Segment Start: Exercise data
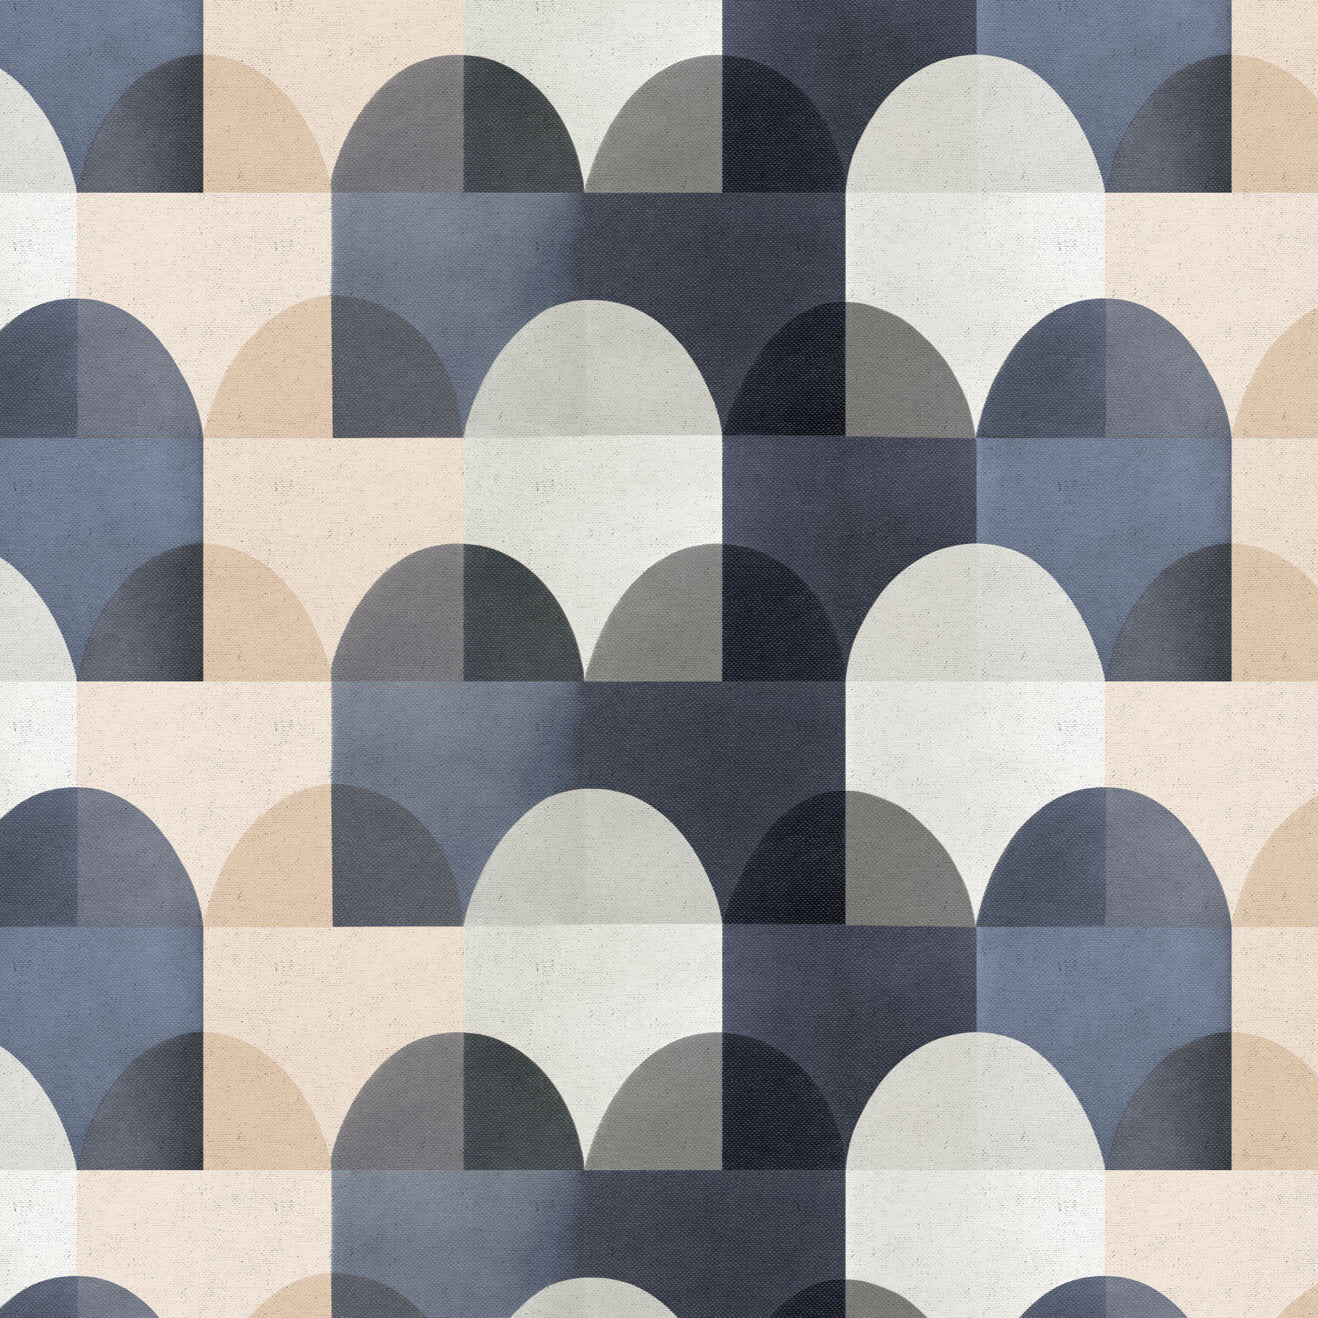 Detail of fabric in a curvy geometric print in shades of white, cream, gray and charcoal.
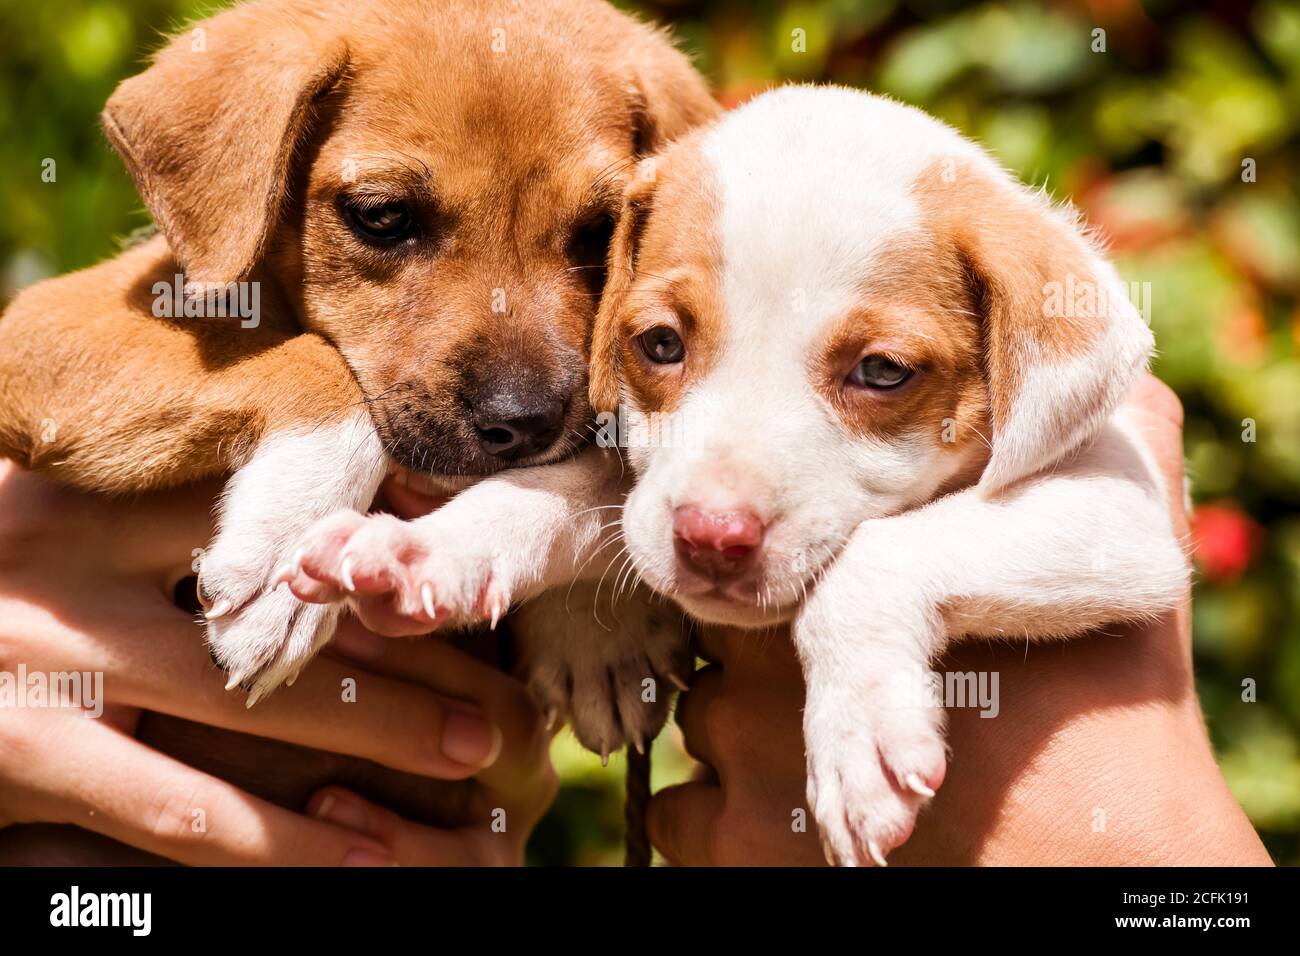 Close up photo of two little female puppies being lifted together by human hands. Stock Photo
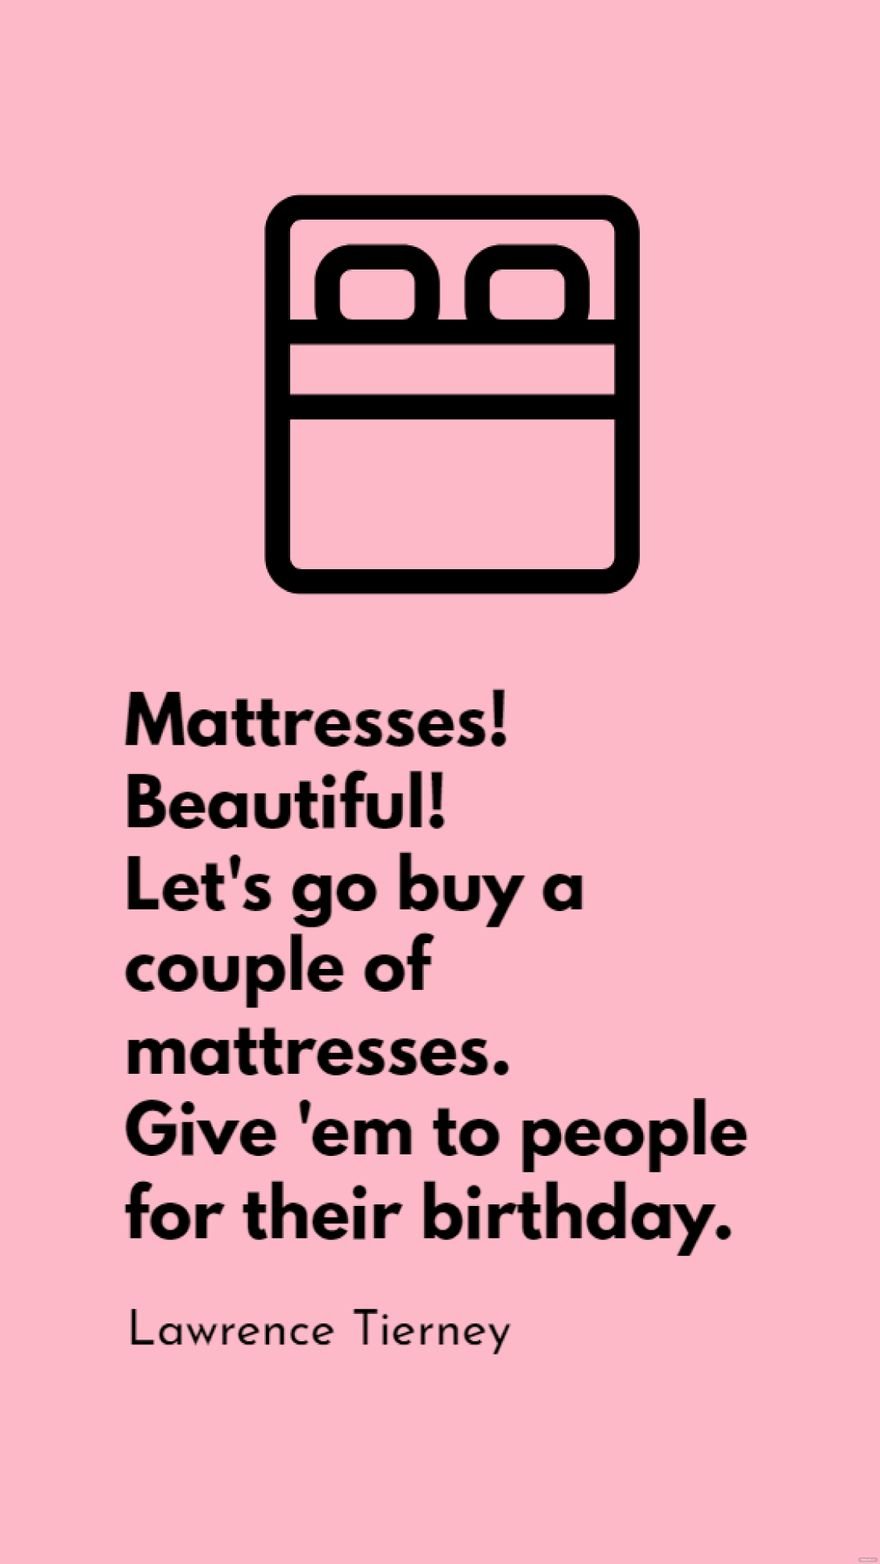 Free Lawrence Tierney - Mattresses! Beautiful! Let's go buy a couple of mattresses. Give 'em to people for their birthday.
Segment End: Exercise data
■ Instructions to follow ■
Retype, word for word, only the lines from the line with "Close up photo" to the final line of the listing above; the pictures do not belong in the copy.

■ Written response ■
 Close up photo of two little female puppies being lifted together by human hands. Stock Photo
 Free Lawrence Tierney - Mattresses! Beautiful! Let's go buy a couple of mattresses. Give 'em to people for their birthday.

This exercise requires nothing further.